For the elites. Most people in the population were doing back-breaking labor.

I'm not saying there wasn't leisure. But when most of a society's labor goes into agriculture, most of the leisure time is going to be spent on the farm with fellow farmhands. (The exception being winter months.)



Medieval serfs typically worked about 150 10 hour days a year.

In addition to the winter months there's a lot of gaps where the plants are in the ground, and now just need intermittent maintenance.

All of this of course ignores women's work, which was more omnipresent across the year. But it was also pretty social as well, hence the lasting power of phrases like "sewing circles".

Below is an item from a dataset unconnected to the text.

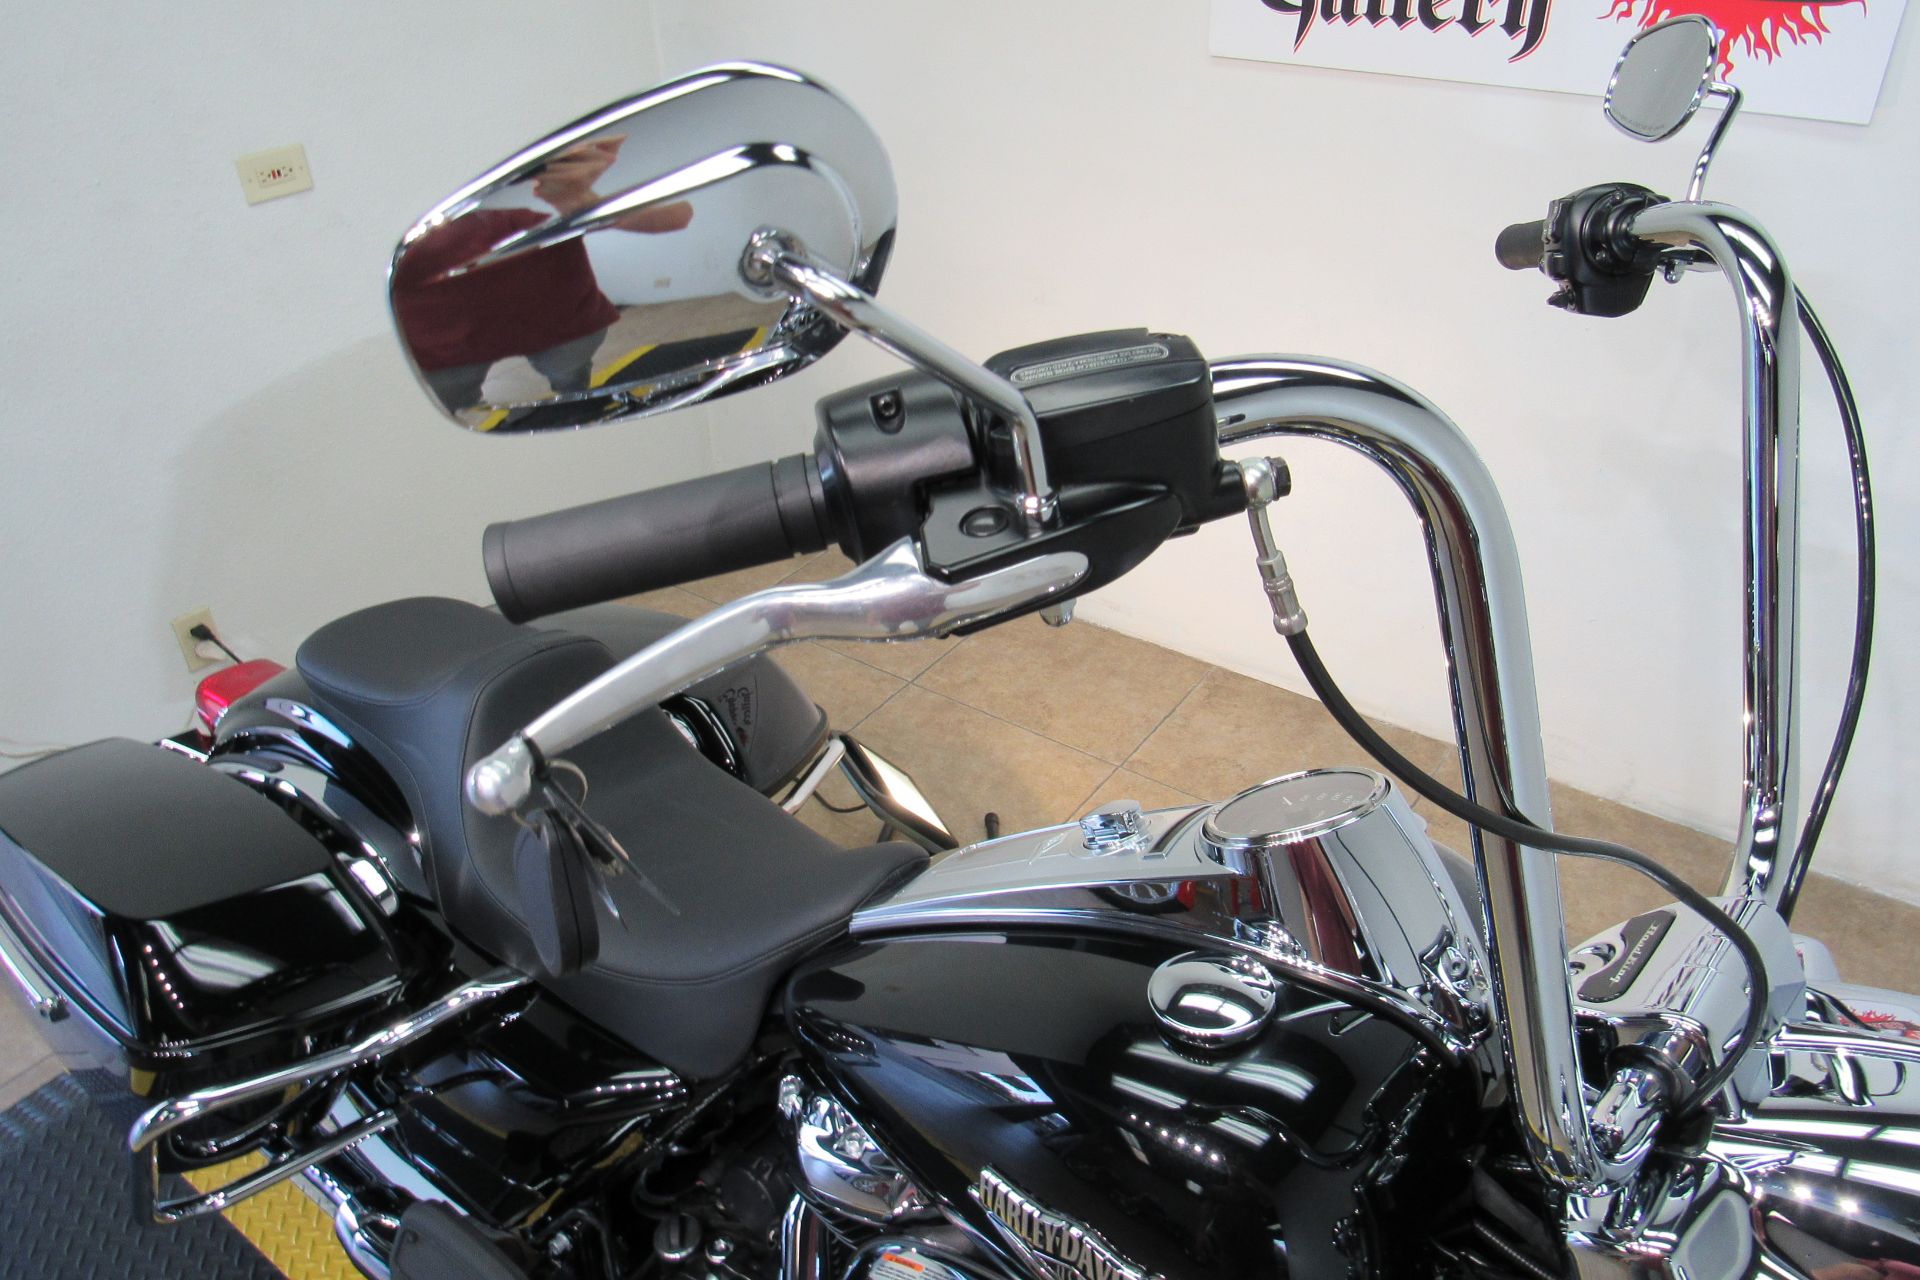 2021 Harley-Davidson Road King® in Temecula, California - Photo 26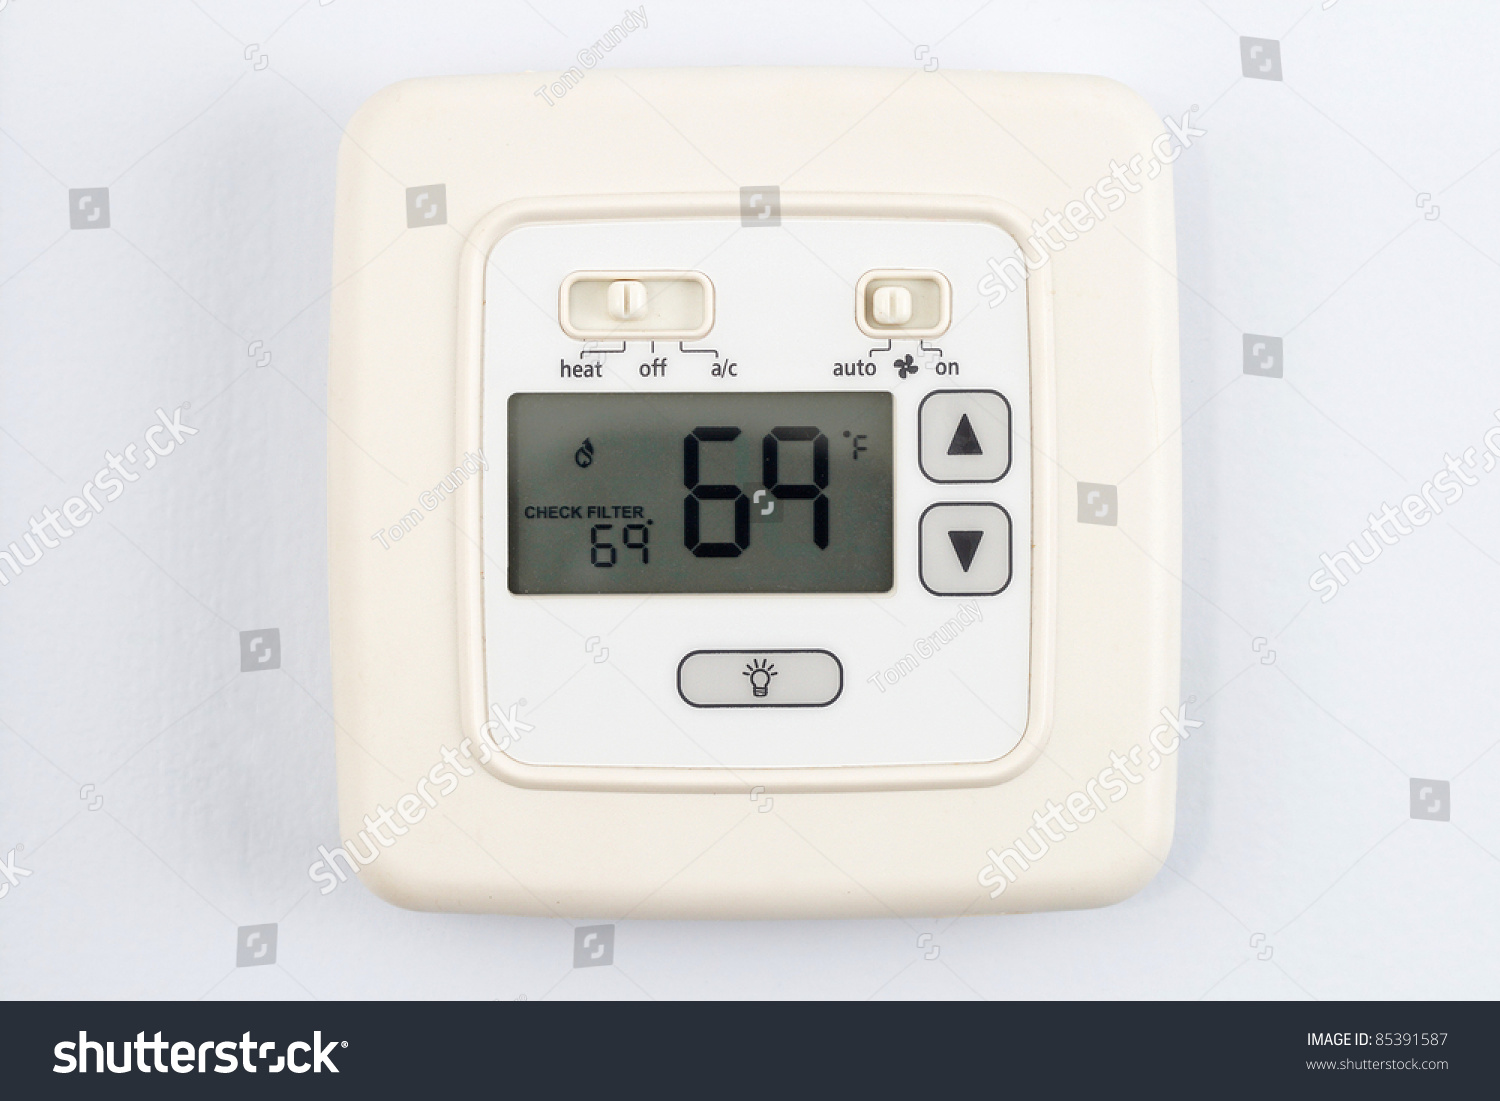 Digital Thermostat On Light Blue Wall Stock Photo 85391587 - Shutterstock1500 x 1101

FWIW: That 150 hour estimate came from work by Gregory Clark at UC Davis who has since cast doubt on it.

“There’s a reasonable controversy going on in medieval economic history,” Clark told (Amanda Mill). He now thinks that English peasants in the late Middle Ages may have worked closer to 300 days a year.

https://www.theatlantic.com/health/archive/2022/05/medieval-...


As for many things, there's a synthesis that seems more realistic here:

https://acoup.blog/category/collections/the-peasant/

Hint: it's not 150 days.

However, what the work time estimates are missing in this discussion is that you maintained relationships with all your neighbors and most of the village.

Exactly the opposite of the modern world, your work was solitary and your leisure time was social.


> In an attempt to provide a definitive verdict on the veracity of the claim that medieval peasants worked around 150 days a year, Snopes spoke with multiple scholars including Gregory Clark, the economist most frequently credited with originating the 150-day-a-year estimate, and Juliet Schor, the economist who first popularized the claim in her 1991 book "The Overworked American."

> We also spoke with Jane Humphries and Jacob Weisdorf, two economic historians who currently study the question of the length of the medieval working year and have recently published work supporting a 150-day estimate, at least for certain decades in medieval England.

> In addition to speaking to these scholars, Snopes also conducted extensive research into the online life of the claim in order to determine when it first began to spread online and how it has changed over time. We additionally examined a number of popular debunkings of the claim, with special attention to the evidence cited as proof against the claim.

> Ultimately, we found that the claim that medieval peasants worked around 150 days a year is still largely accepted as a valid estimate by academic economic historians, at least in England for a period starting around 1350 and lasting between a few decades and more than a century, depending on the methodology used to study the data.